RAW DATA =
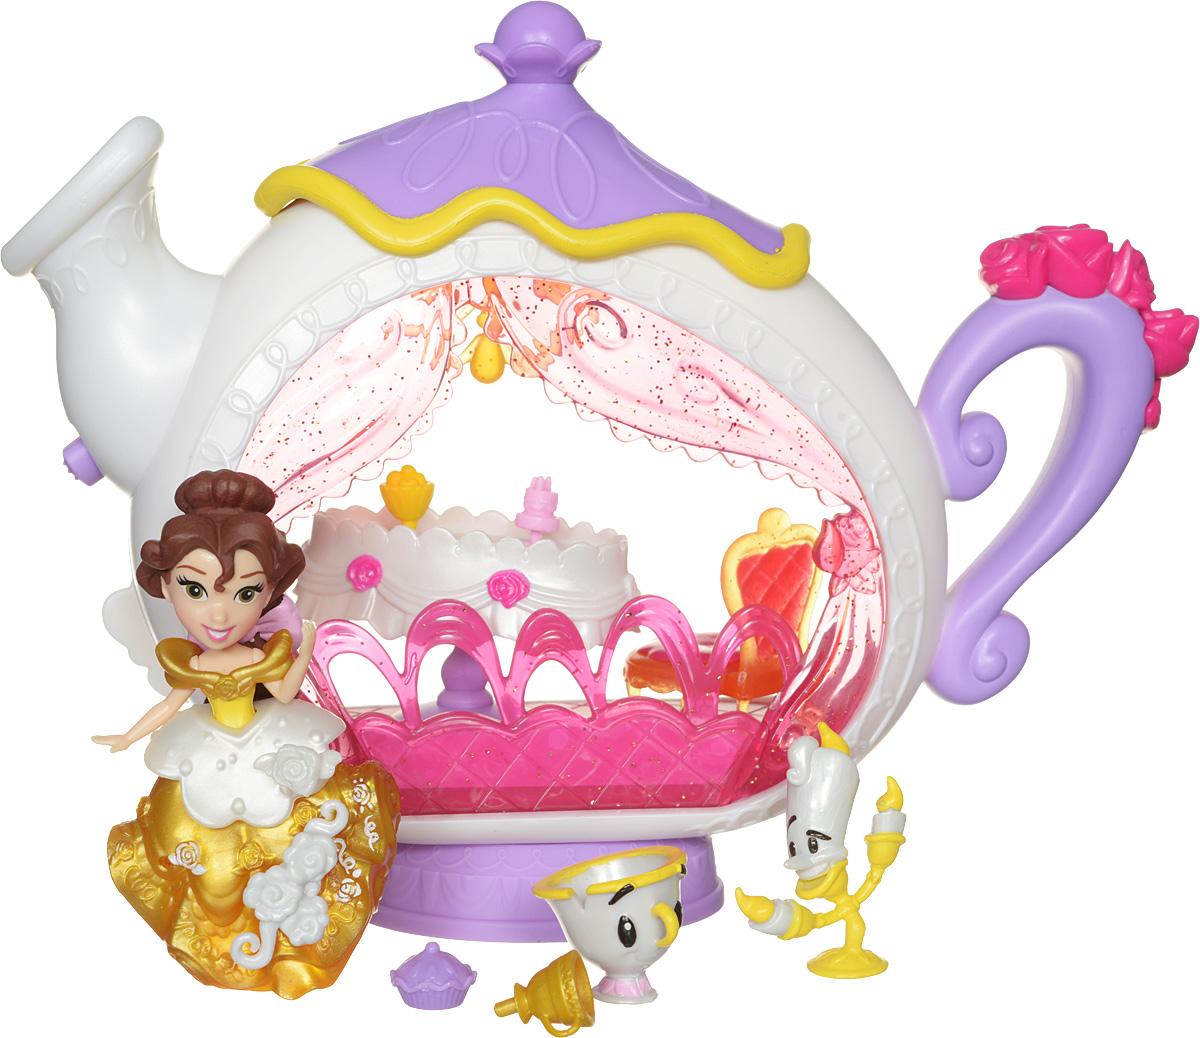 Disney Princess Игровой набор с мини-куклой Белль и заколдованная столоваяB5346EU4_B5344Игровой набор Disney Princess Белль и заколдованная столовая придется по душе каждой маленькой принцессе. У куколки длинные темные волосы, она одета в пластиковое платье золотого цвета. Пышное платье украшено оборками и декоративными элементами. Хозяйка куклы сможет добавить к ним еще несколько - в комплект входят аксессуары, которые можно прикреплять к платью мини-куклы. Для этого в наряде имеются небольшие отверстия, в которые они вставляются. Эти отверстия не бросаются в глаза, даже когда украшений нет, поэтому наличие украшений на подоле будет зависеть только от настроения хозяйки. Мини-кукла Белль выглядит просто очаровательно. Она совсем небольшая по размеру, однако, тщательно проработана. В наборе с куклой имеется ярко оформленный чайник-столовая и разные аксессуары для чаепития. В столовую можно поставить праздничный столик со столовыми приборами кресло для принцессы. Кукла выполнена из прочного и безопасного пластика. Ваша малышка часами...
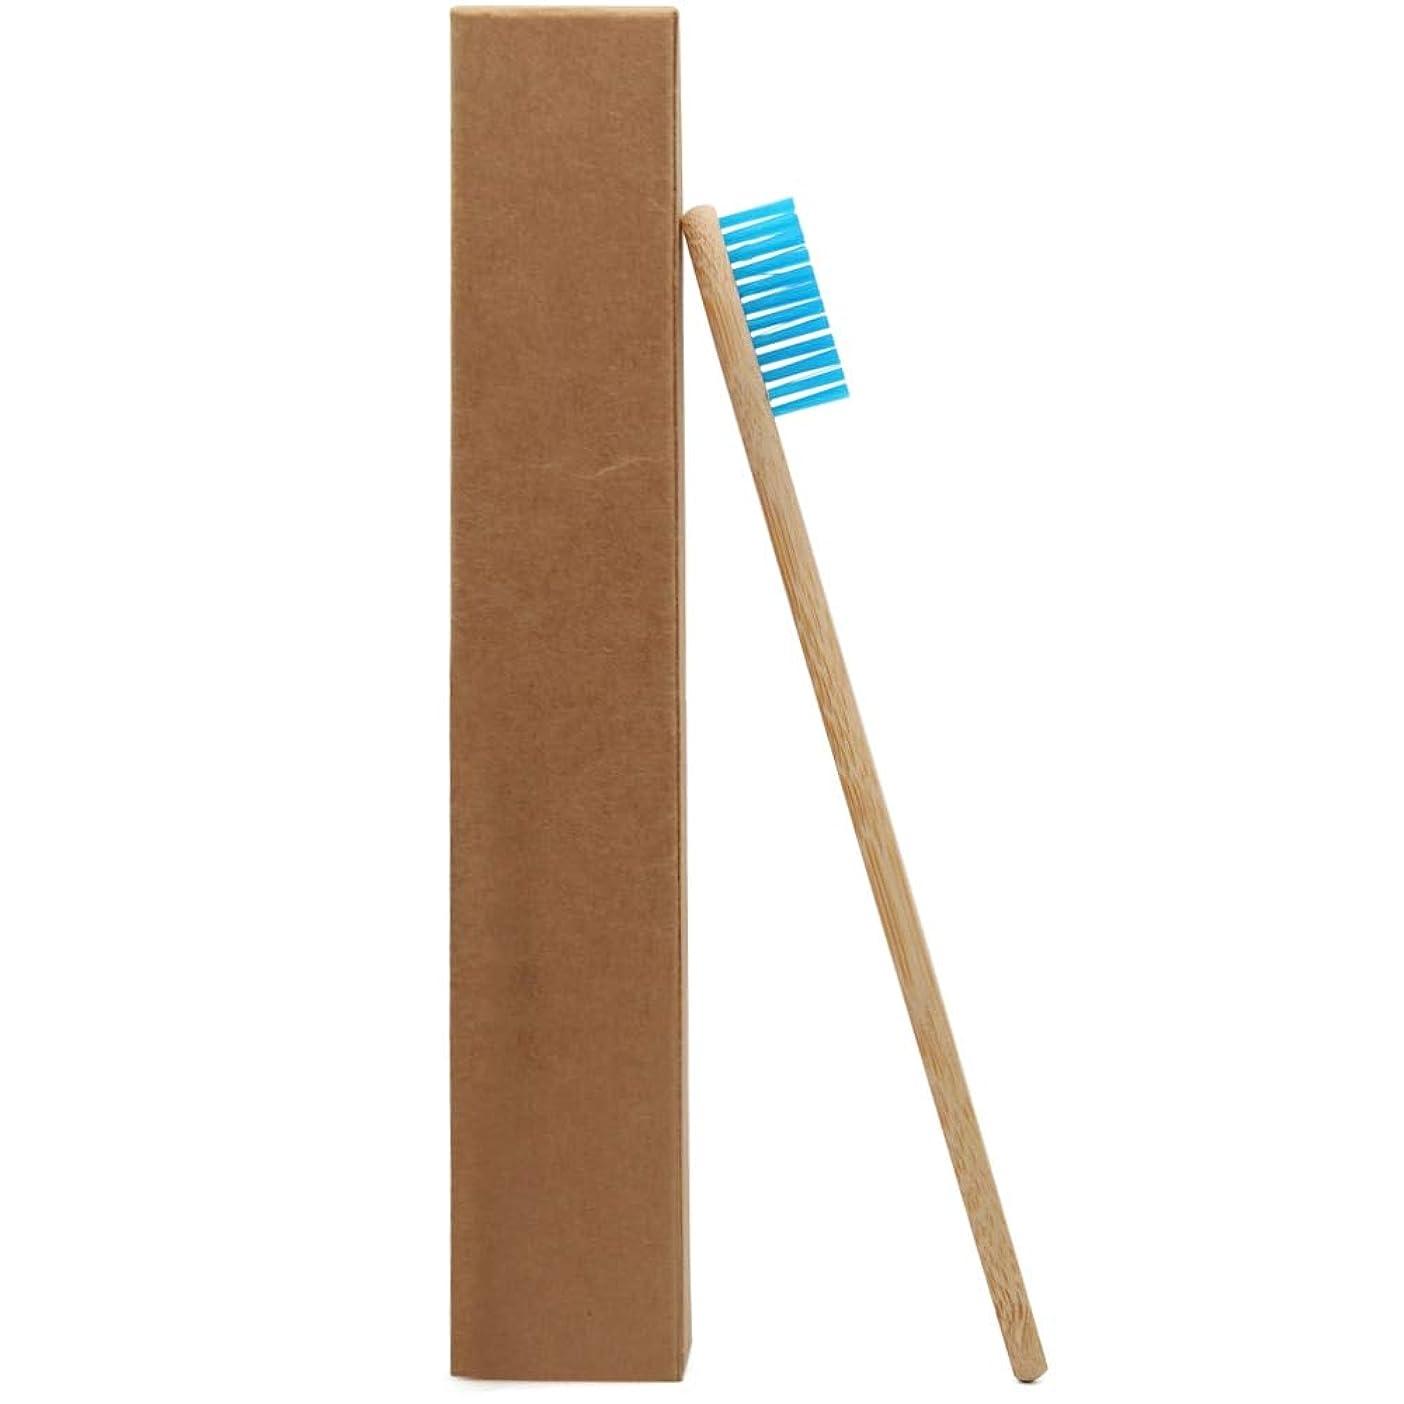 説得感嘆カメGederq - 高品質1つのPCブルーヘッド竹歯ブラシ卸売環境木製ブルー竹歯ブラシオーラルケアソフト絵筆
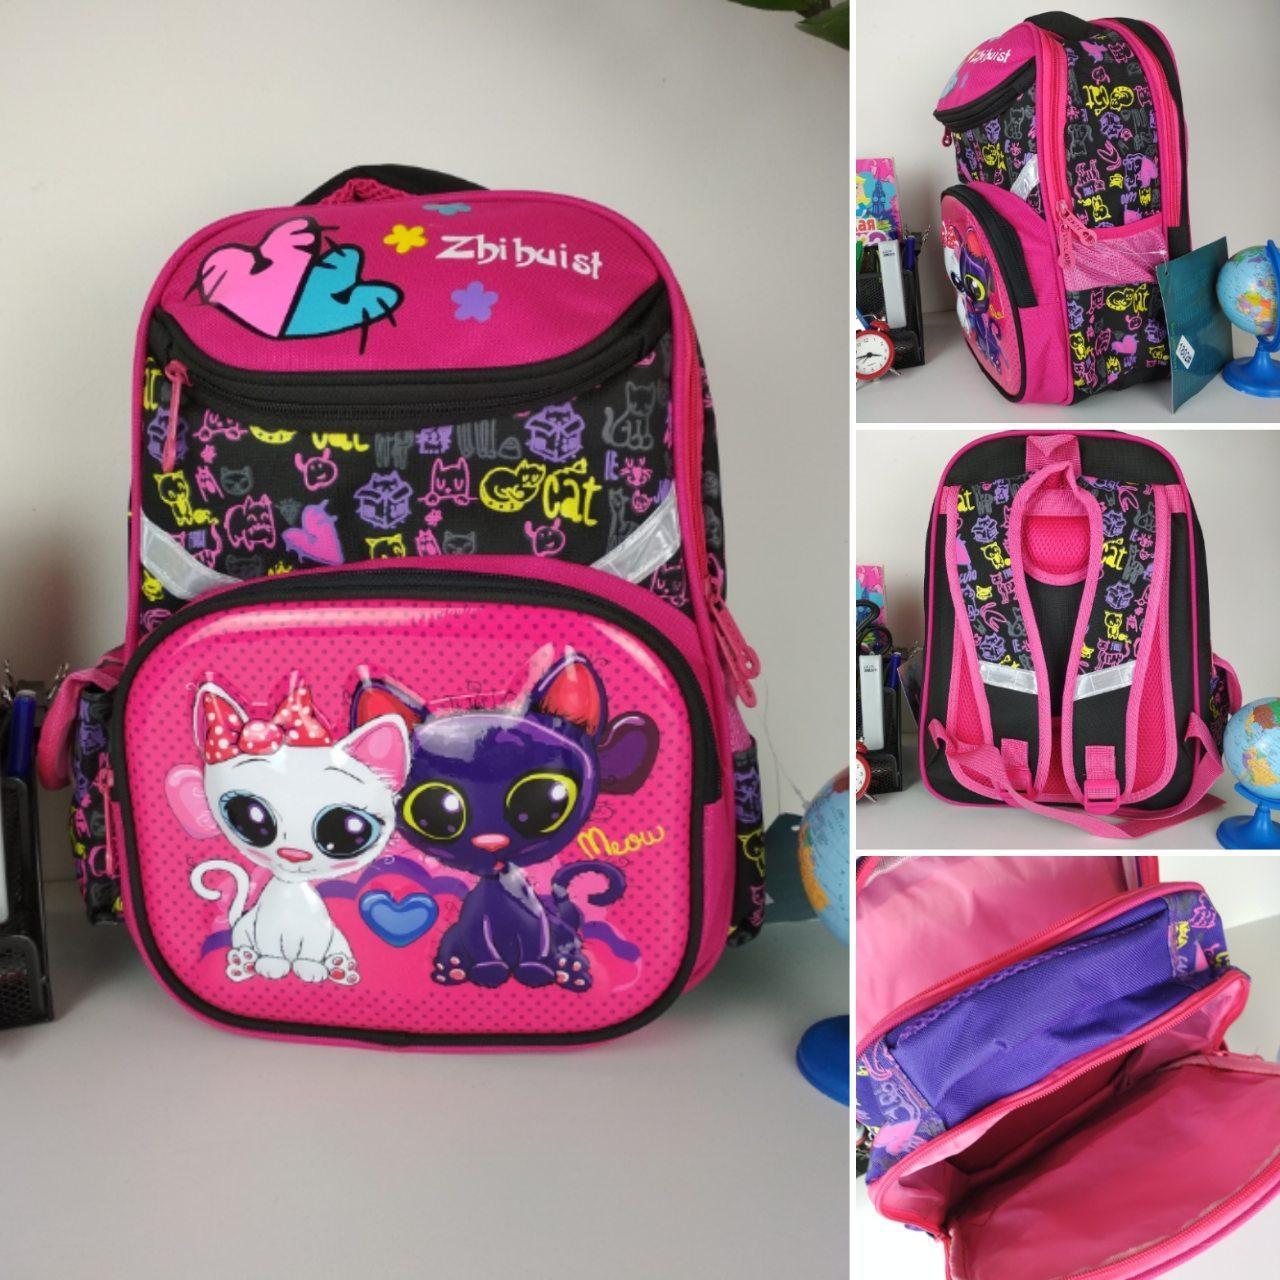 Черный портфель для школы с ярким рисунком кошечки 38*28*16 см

INSTRUCTIONS FOR THE TASK = Copy the listing exactly. Leave the pictures out.

RESULT FOR THIS TASK =
 Disney Princess Игровой набор с мини-куклой Белль и заколдованная столоваяB5346EU4_B5344Игровой набор Disney Princess Белль и заколдованная столовая придется по душе каждой маленькой принцессе. У куколки длинные темные волосы, она одета в пластиковое платье золотого цвета. Пышное платье украшено оборками и декоративными элементами. Хозяйка куклы сможет добавить к ним еще несколько - в комплект входят аксессуары, которые можно прикреплять к платью мини-куклы. Для этого в наряде имеются небольшие отверстия, в которые они вставляются. Эти отверстия не бросаются в глаза, даже когда украшений нет, поэтому наличие украшений на подоле будет зависеть только от настроения хозяйки. Мини-кукла Белль выглядит просто очаровательно. Она совсем небольшая по размеру, однако, тщательно проработана. В наборе с куклой имеется ярко оформленный чайник-столовая и разные аксессуары для чаепития. В столовую можно поставить праздничный столик со столовыми приборами кресло для принцессы. Кукла выполнена из прочного и безопасного пластика. Ваша малышка часами...
 説得感嘆カメGederq - 高品質1つのPCブルーヘッド竹歯ブラシ卸売環境木製ブルー竹歯ブラシオーラルケアソフト絵筆
 Черный портфель для школы с ярким рисунком кошечки 38*28*16 см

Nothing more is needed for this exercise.